Nvidia Shield Android TV - marzenie każdego telewizora trafia do Polski
Nvidia Shield Android TV to przystawka do telewizora, która pozwala grać w gry, oglądać filmy, zarówno te zgromadzone lokalnie jak i w sieci.
Jak dobry by nie był telewizor, jak rewelacyjny projektor, jak zaawansowane technologie by się w nich nie znalazły, na nic one nam, gdy nie mamy odpowiednich treści. A treści to też urządzenia, które mogą je w wygodny sposób wyświetlić. Nvidia wprowadziła w ubiegłym roku przystawkę Shield Android TV (Ci, którzy kupili ją już wcześniej chwalili się swoimi wnioskami zimą tego roku), która z tej perspektywy jest marzeniem każdego telewizora.

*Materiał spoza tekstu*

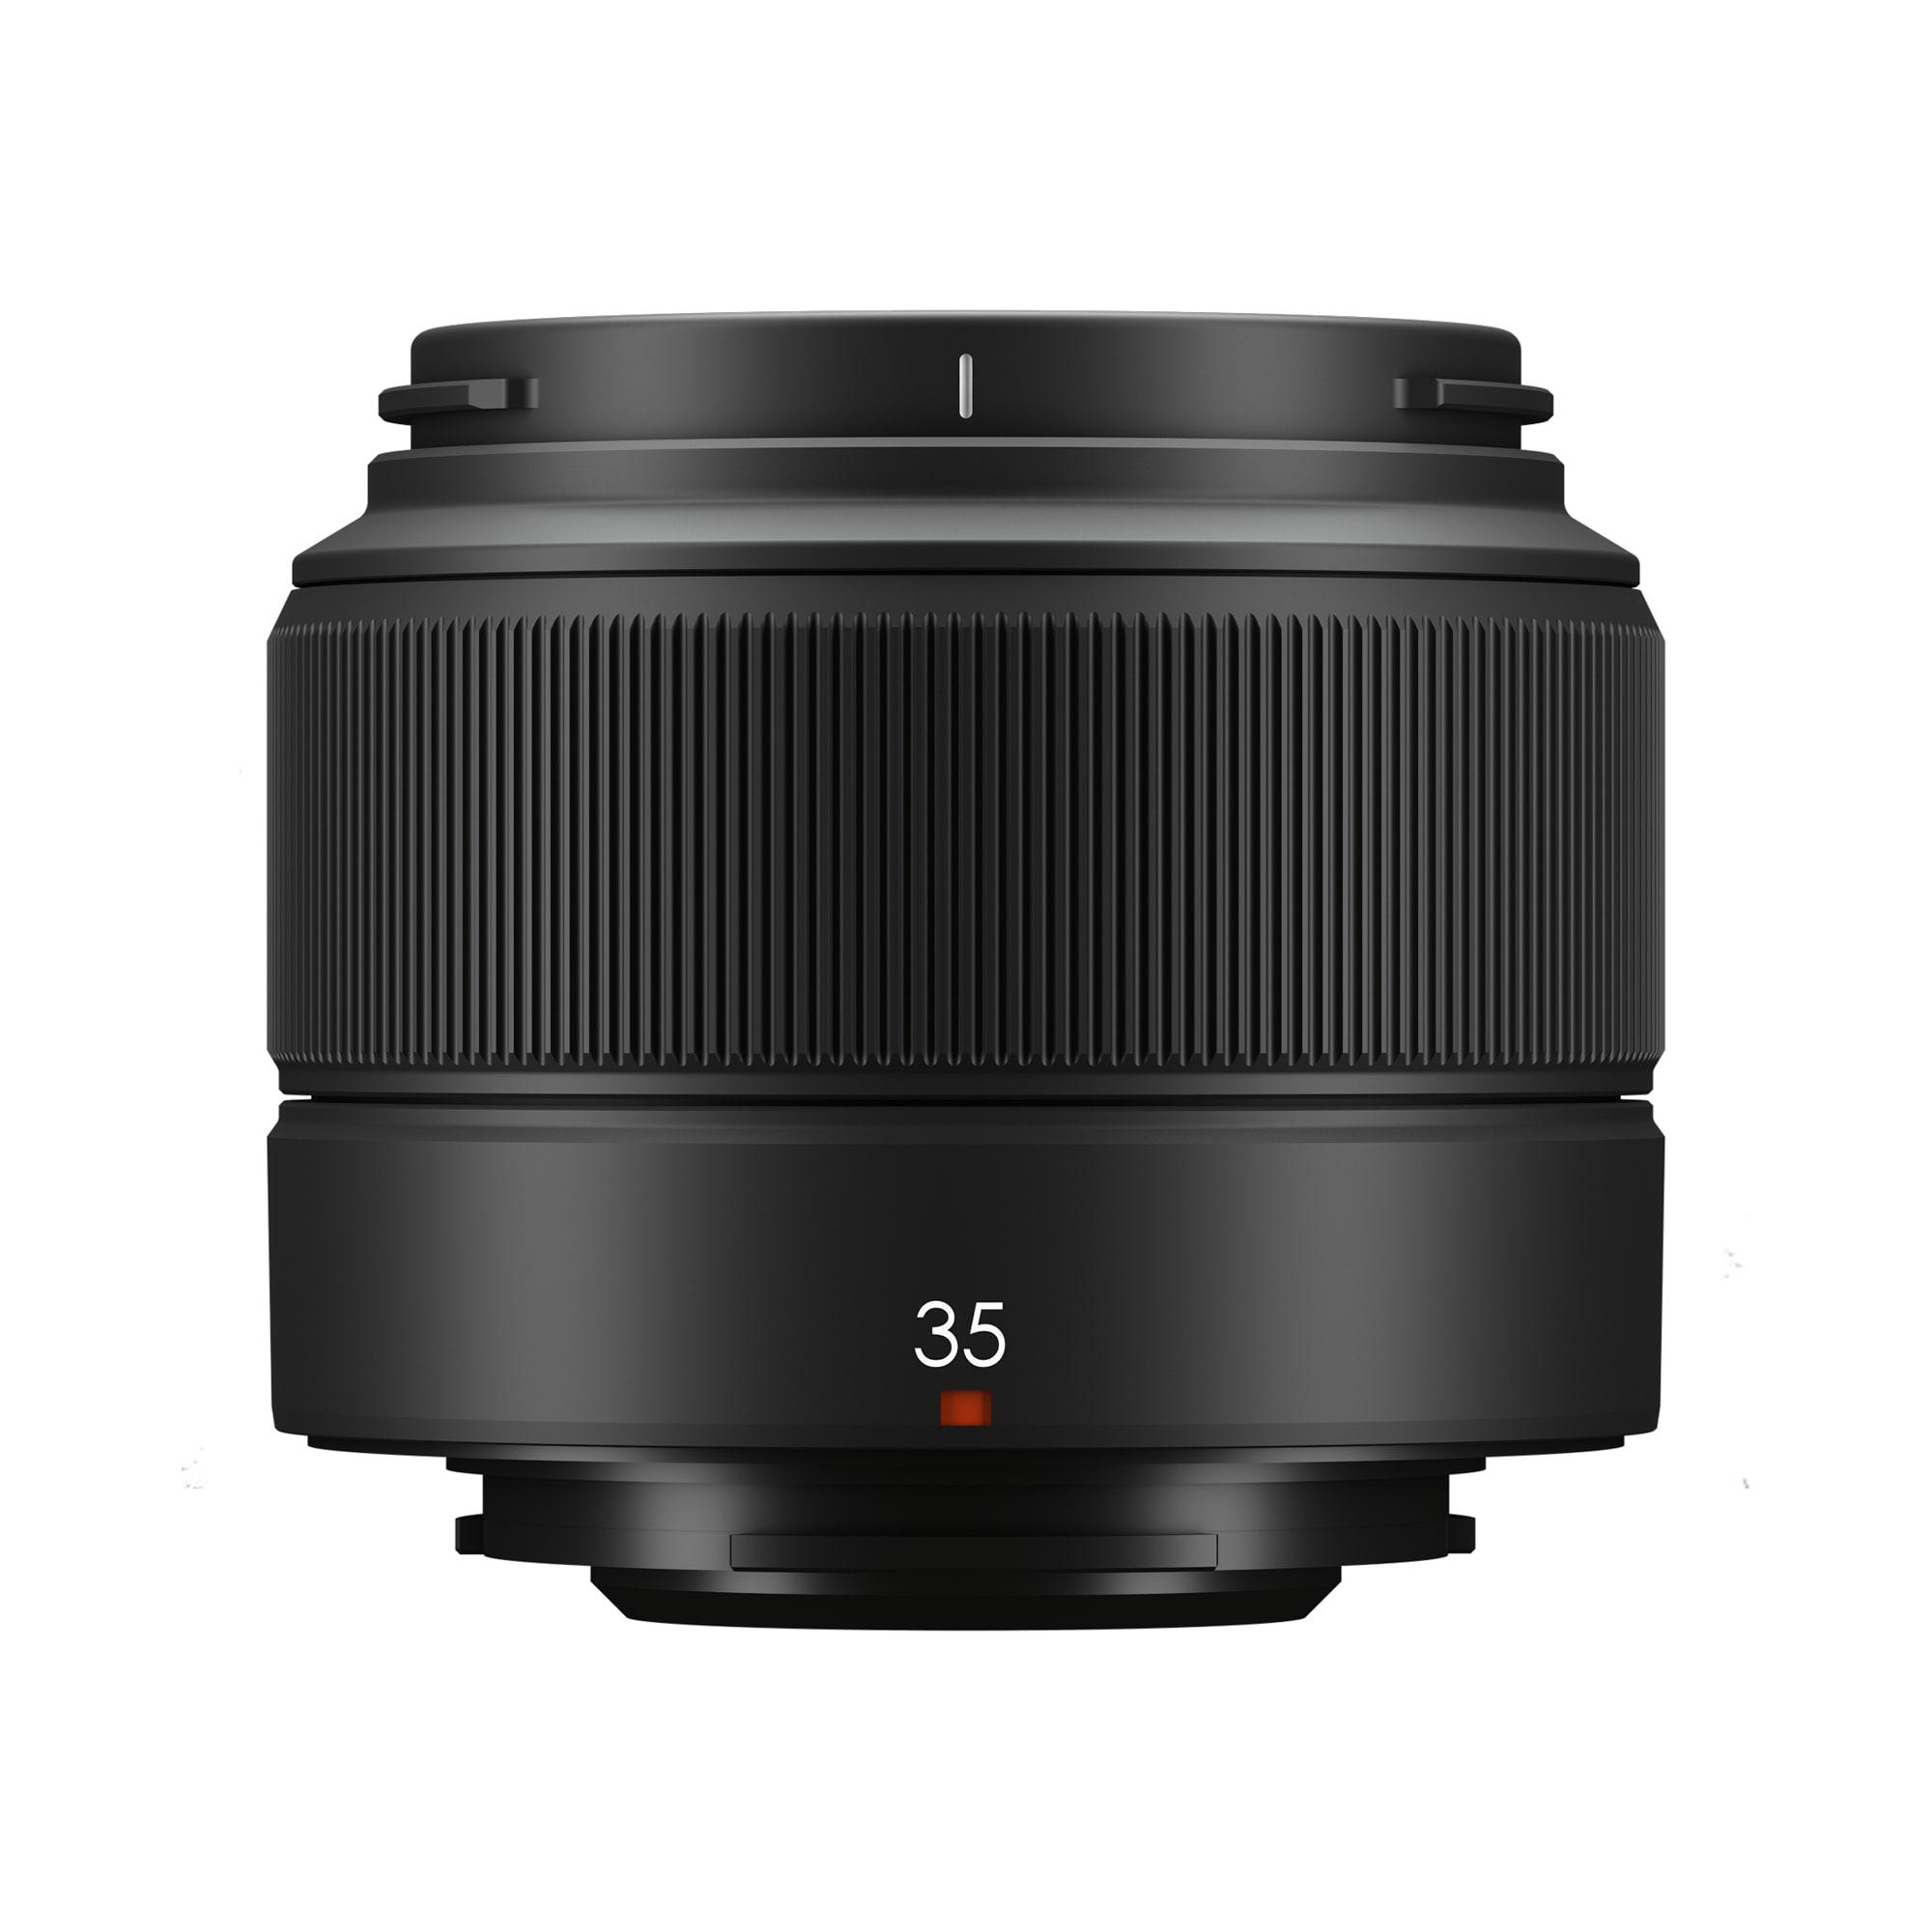 Fujifilm Fujinon XC 35mm f/2,0
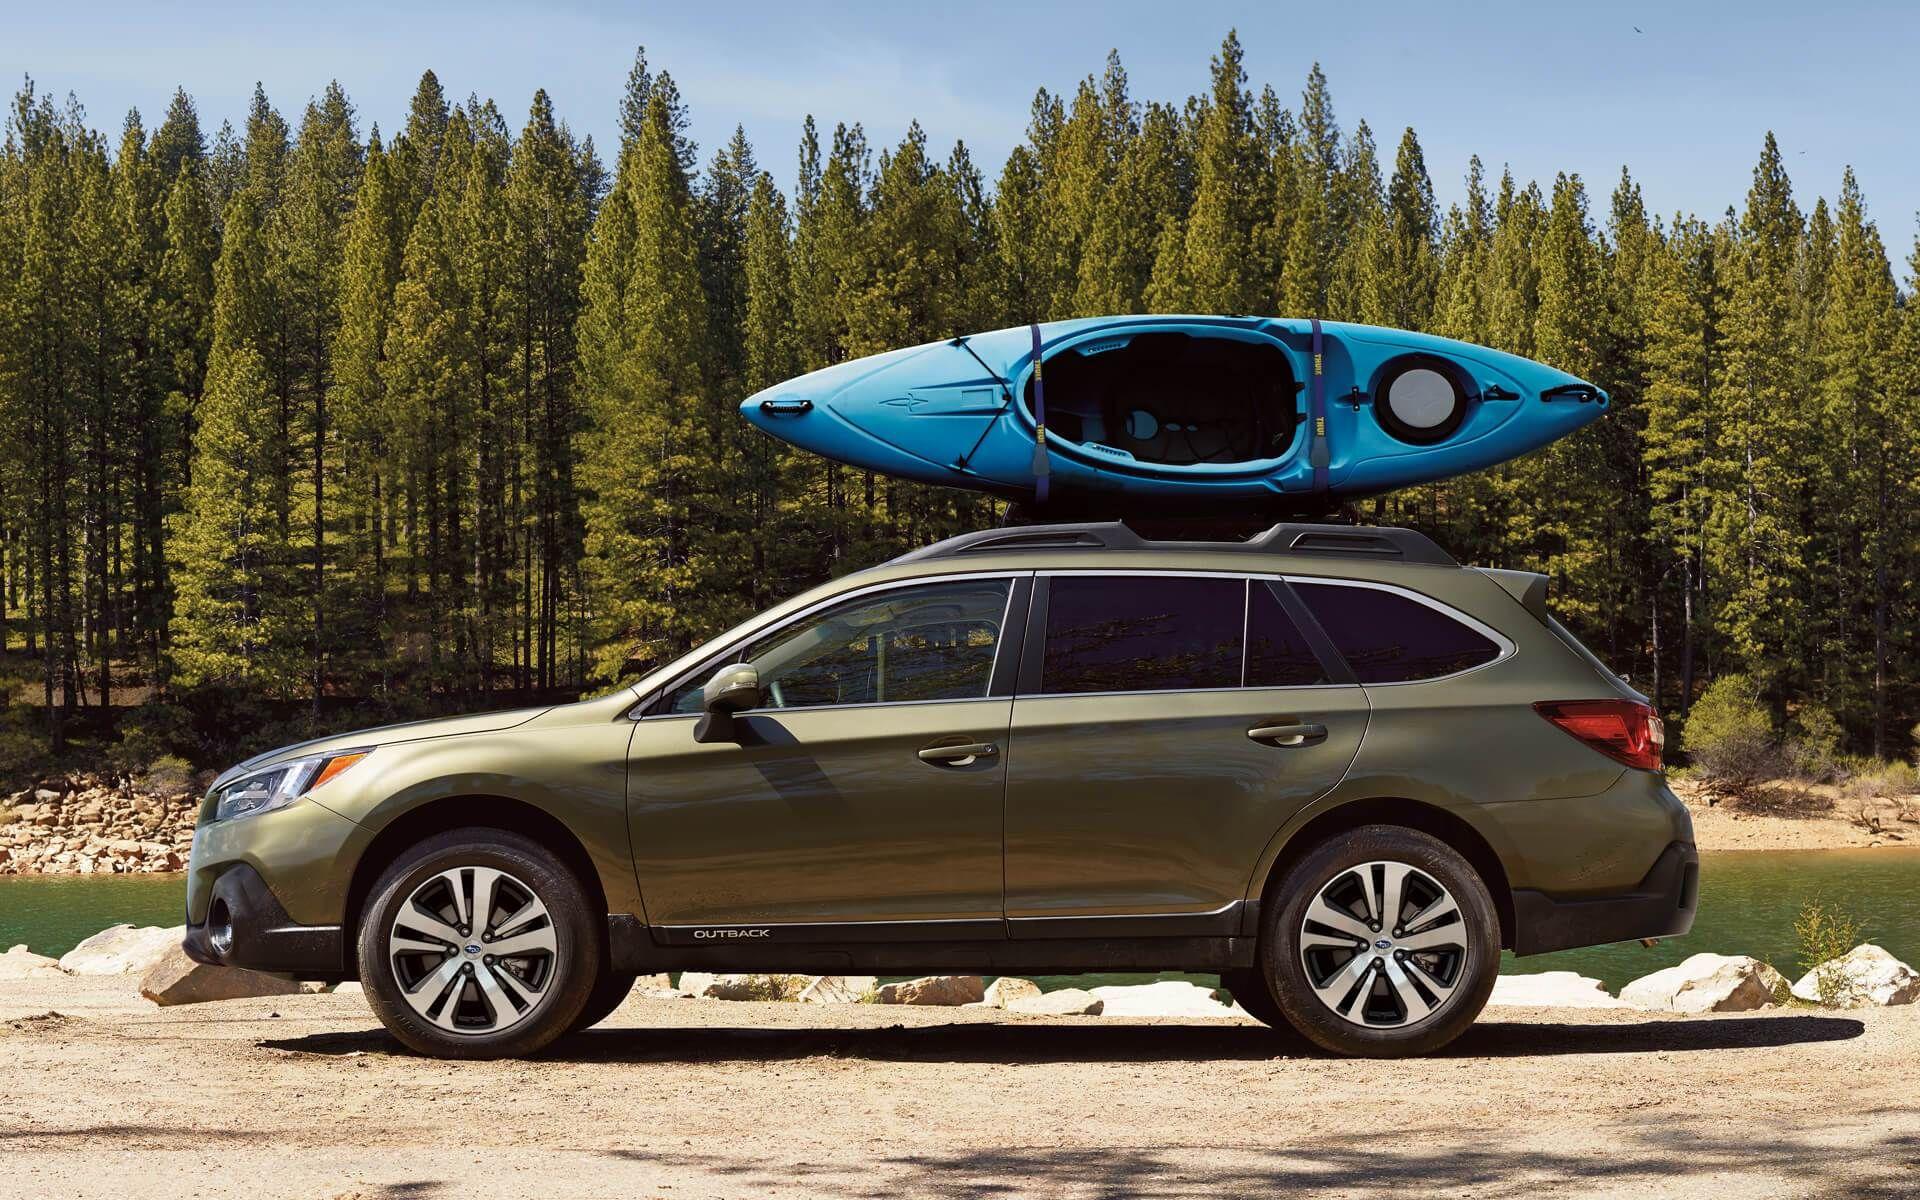 2018 Subaru Outback | Good Stuff | Subaru outback, Subaru

A w domyśle bardzo ciekawą propozycją dla graczy i konsumentów wszelkich treści multimedialnych, nie tylko tych sieciowych. Produkt już niedługo, 20 czerwca, trafi oficjalnie do sprzedaży w Polsce w cenie 899 złotych.
Czym jest NVIDIA Shield?
Zapewne nazwa obiła się już wam o uszy, nawet jeśli wcześniej nie czytaliście o tym akcesorium, ale w kontekście przenośnej konsoli czy tabletu, który mieliśmy okazję testować na benchmarku. Tym razem NVIDIA Shield to rdzeń nazwy przystawki do telewizora. Zresztą przystawka, bardzo popularne w swoim czasie słowo, nie oddaje praktyczności tego akcesorium. Bo za pomocą NVIDIA Shield, które podłączymy do telewizora (maksymalnie w trybie 4K/60p), a które wedle słów producenta jest 34 razy szybsze niż pierwsza generacja Apple TV, możemy:
- zagrać w Androidowe gry i te dostosowane do Androida (NVIDIA Shield wykorzystuje system Android)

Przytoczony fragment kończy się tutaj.